● **Your objective**: Write out exactly the lines below that run from the one containing "Camice per paziente" through the one containing "Ocean Driftwood", both included, with no other lines.

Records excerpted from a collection
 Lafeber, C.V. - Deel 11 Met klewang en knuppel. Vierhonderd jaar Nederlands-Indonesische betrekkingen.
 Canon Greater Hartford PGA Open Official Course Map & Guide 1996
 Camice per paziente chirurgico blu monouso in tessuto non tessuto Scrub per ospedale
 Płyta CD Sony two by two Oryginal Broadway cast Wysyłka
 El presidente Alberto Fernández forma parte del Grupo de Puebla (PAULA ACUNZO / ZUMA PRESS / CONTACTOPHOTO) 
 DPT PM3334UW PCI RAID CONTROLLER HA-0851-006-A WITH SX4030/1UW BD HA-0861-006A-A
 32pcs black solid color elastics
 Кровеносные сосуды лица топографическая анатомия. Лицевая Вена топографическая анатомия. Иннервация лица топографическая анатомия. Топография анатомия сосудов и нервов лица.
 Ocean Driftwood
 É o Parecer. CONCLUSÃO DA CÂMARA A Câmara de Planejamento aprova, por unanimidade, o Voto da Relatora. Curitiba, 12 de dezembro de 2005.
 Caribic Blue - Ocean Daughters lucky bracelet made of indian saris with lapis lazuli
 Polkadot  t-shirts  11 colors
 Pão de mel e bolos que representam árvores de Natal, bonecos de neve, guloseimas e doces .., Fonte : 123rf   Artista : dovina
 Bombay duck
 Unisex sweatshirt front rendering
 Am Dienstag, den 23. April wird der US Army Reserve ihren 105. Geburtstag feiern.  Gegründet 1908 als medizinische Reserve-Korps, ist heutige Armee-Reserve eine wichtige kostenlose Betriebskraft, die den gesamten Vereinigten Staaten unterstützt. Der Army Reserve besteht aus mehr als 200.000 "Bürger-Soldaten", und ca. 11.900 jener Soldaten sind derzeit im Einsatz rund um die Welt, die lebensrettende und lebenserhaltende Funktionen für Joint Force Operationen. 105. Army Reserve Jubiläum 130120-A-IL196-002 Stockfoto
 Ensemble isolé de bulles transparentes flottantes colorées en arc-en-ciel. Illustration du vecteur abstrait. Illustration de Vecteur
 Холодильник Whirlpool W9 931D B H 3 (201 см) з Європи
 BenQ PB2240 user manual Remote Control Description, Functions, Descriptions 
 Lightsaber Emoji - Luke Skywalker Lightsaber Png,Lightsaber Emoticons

● **Solution**:
 Camice per paziente chirurgico blu monouso in tessuto non tessuto Scrub per ospedale
 Płyta CD Sony two by two Oryginal Broadway cast Wysyłka
 El presidente Alberto Fernández forma parte del Grupo de Puebla (PAULA ACUNZO / ZUMA PRESS / CONTACTOPHOTO) 
 DPT PM3334UW PCI RAID CONTROLLER HA-0851-006-A WITH SX4030/1UW BD HA-0861-006A-A
 32pcs black solid color elastics
 Кровеносные сосуды лица топографическая анатомия. Лицевая Вена топографическая анатомия. Иннервация лица топографическая анатомия. Топография анатомия сосудов и нервов лица.
 Ocean Driftwood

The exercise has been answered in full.